## What you are asked to do
Exercise in exact copying: restate word for word only the lines below from the one containing "FCBD® style flashmob dance mondiale 2020" through the one containing "Объектив Sigma 17-50mm", omitting any pictures.

## Exercise data
──────────

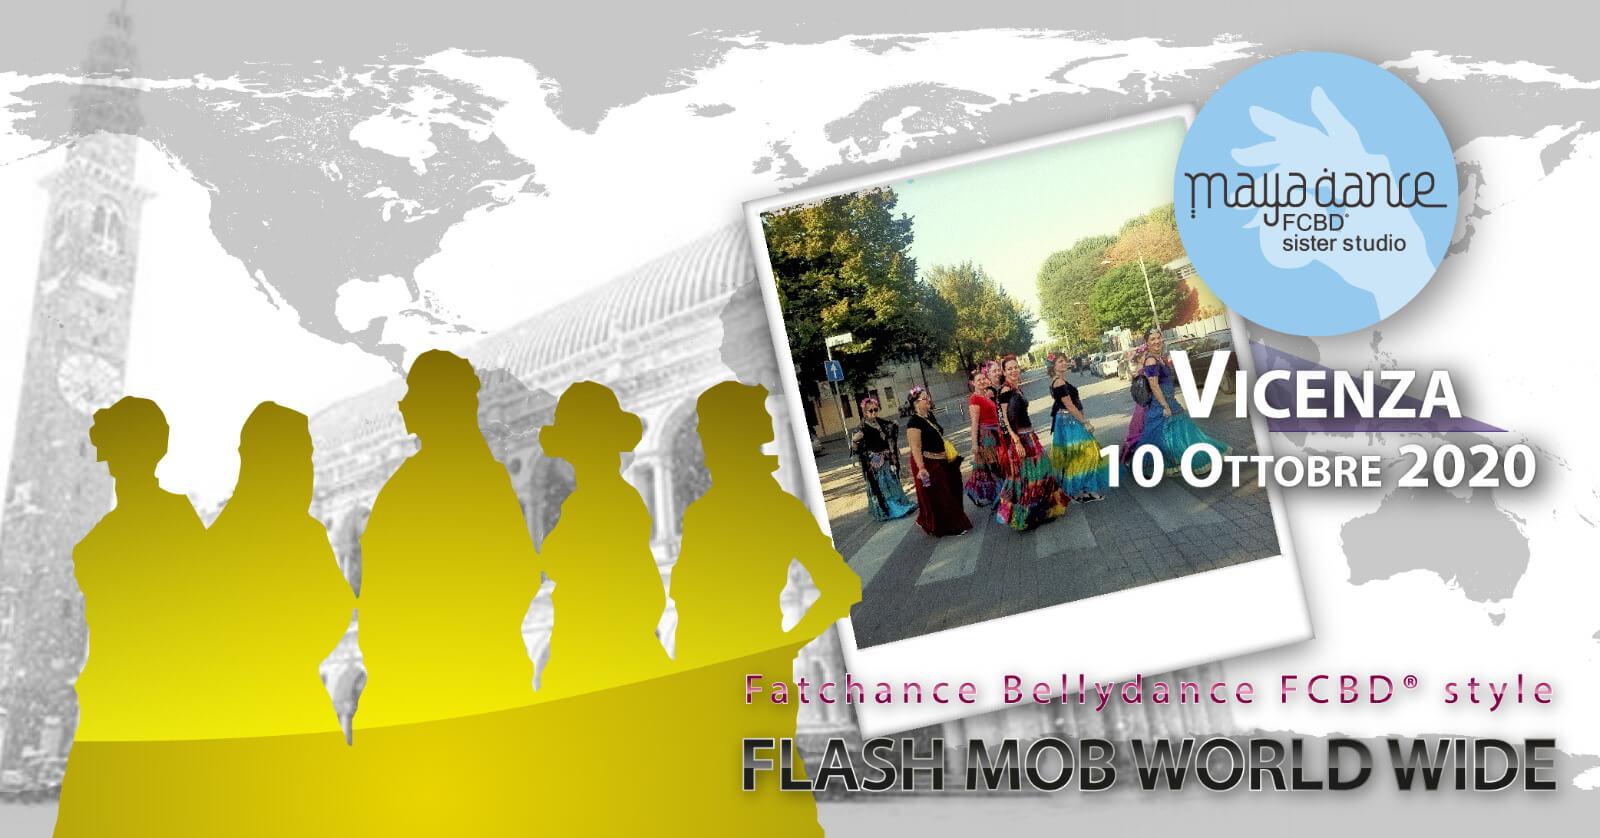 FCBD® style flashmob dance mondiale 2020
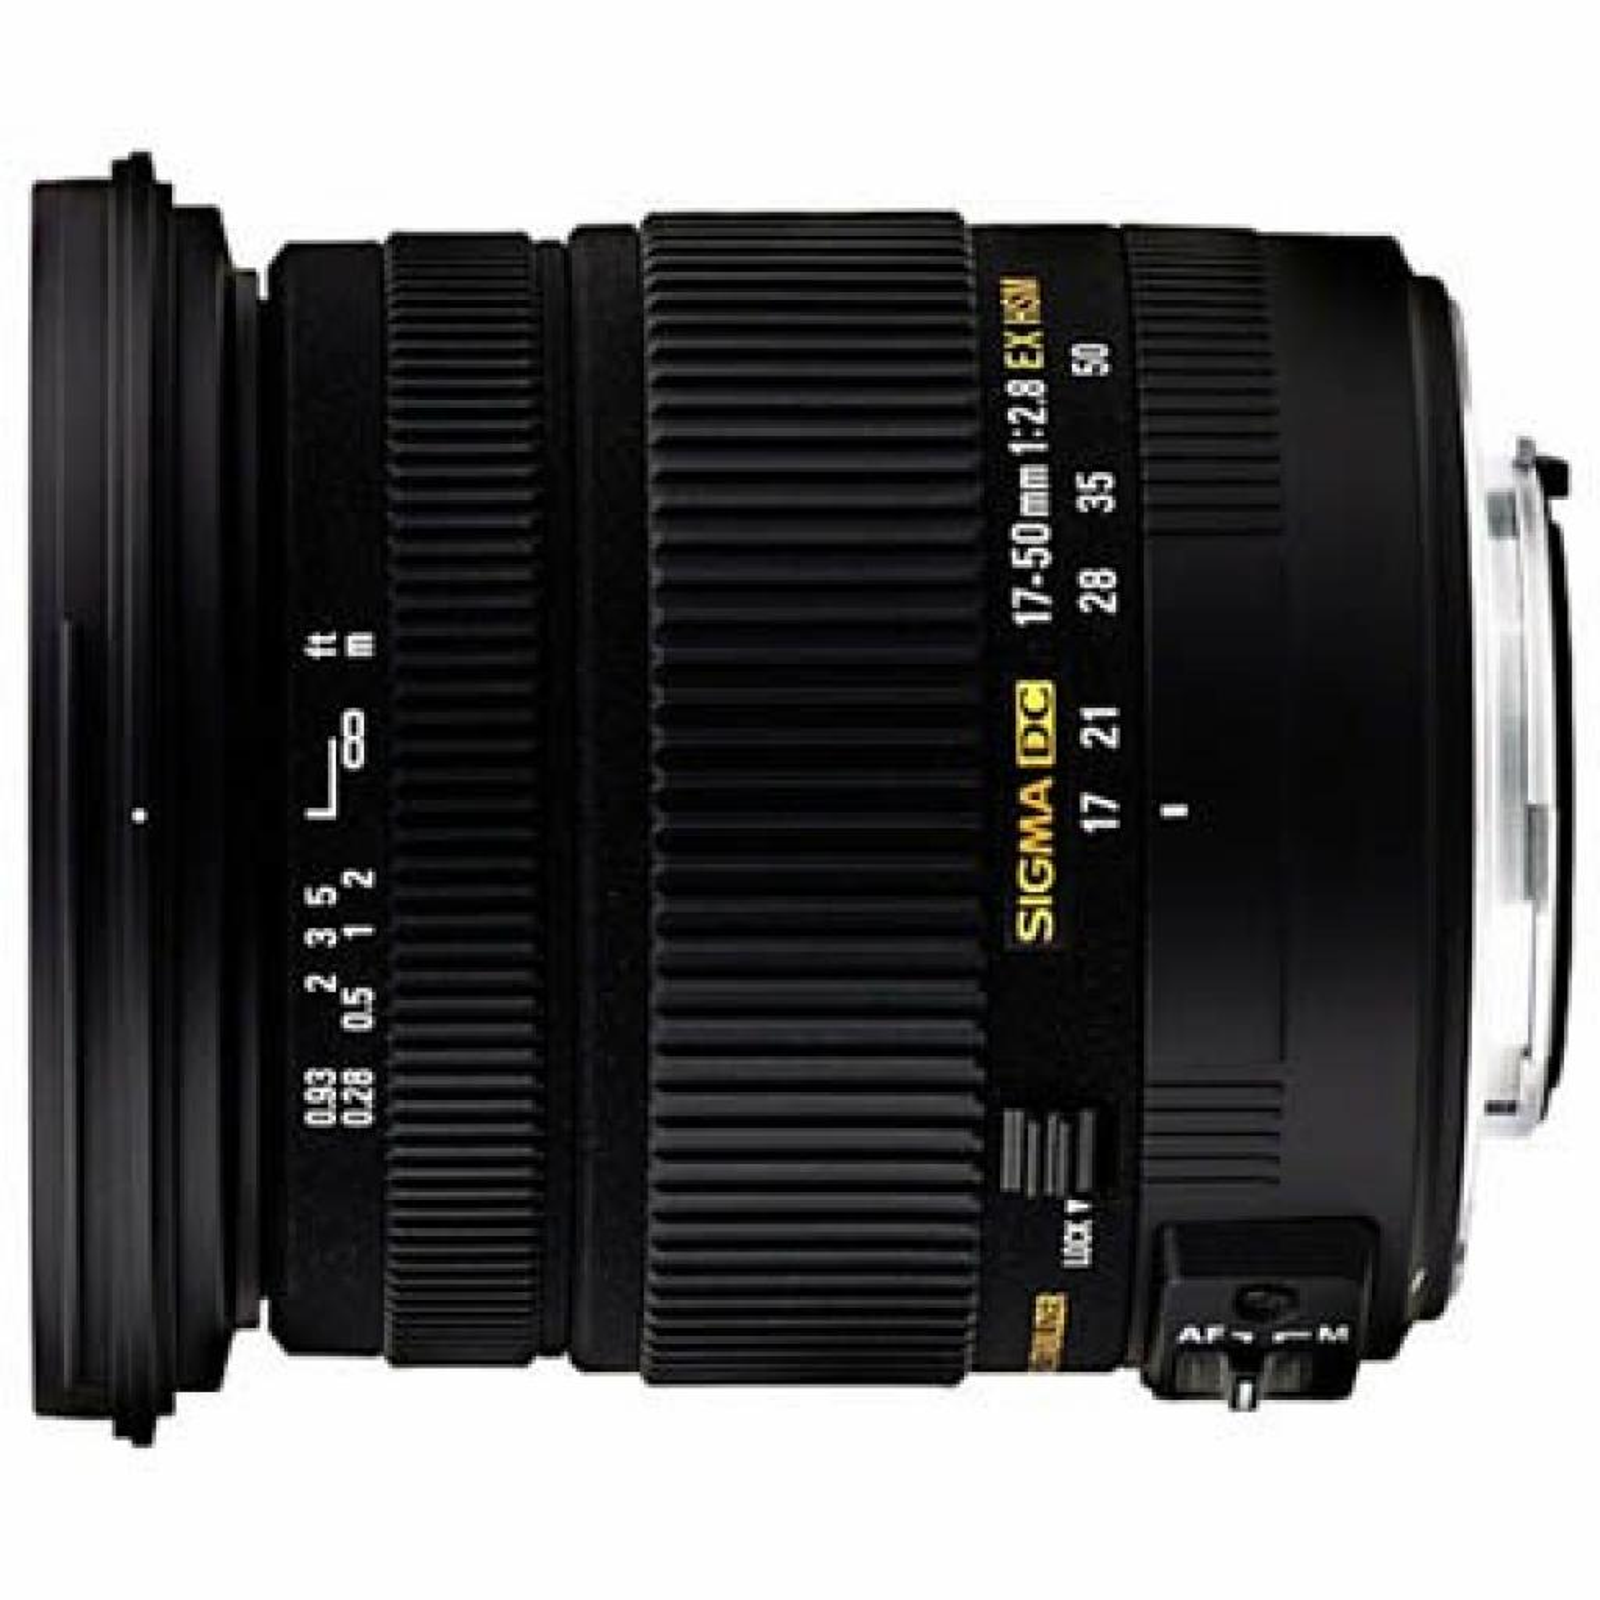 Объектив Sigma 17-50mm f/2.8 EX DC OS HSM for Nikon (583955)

──────────

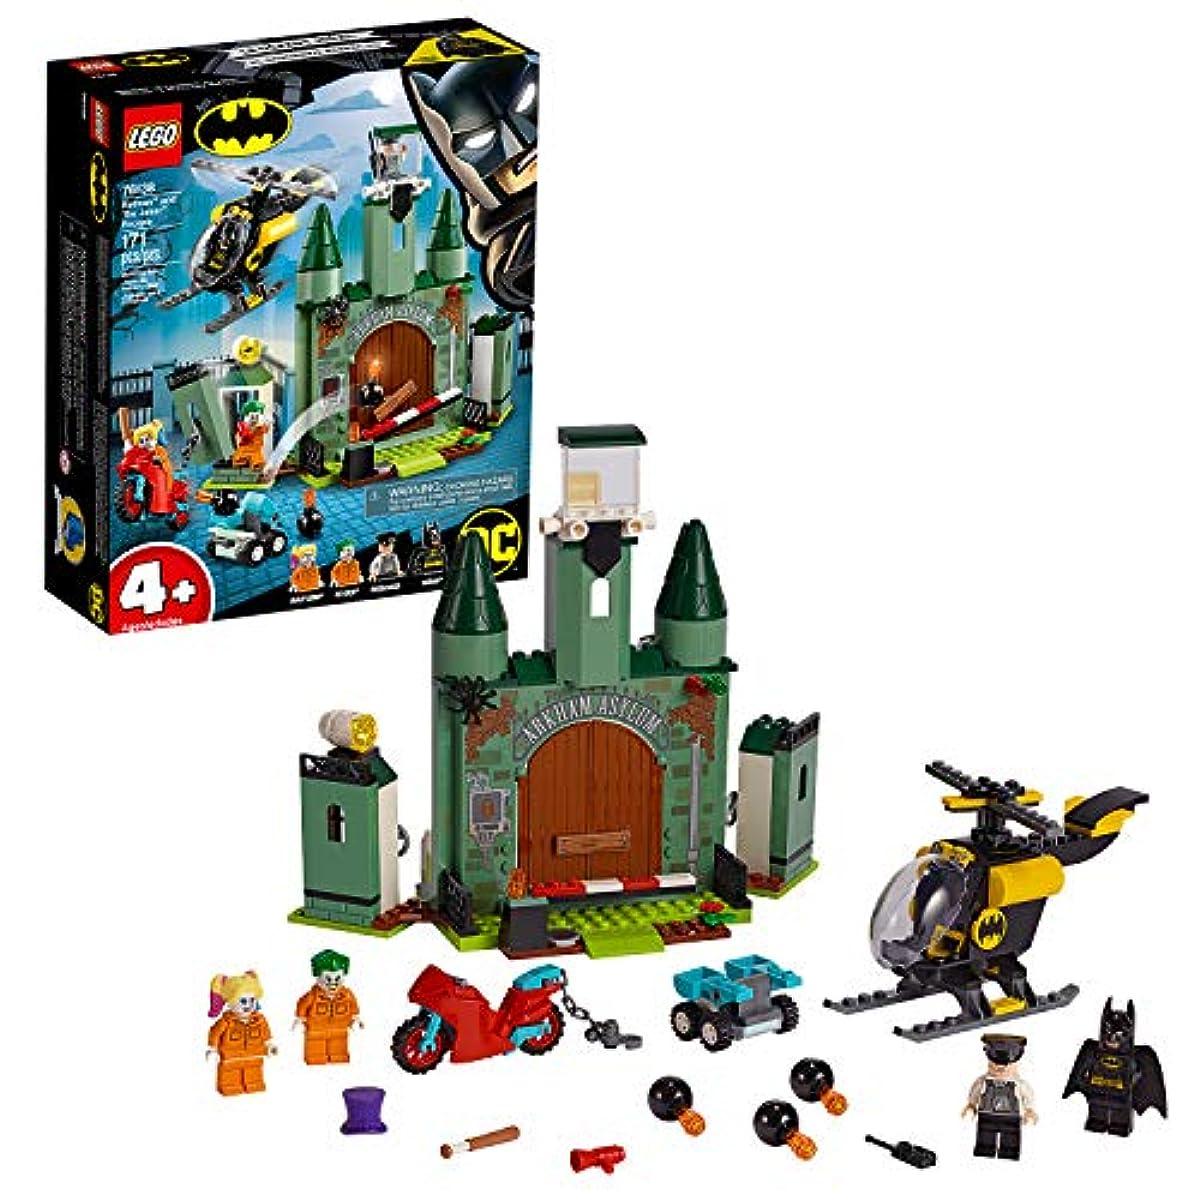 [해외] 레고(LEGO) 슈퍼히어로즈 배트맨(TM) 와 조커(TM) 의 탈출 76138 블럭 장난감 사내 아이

──────────

## Written reply
 FCBD® style flashmob dance mondiale 2020
 Объектив Sigma 17-50mm f/2.8 EX DC OS HSM for Nikon (583955)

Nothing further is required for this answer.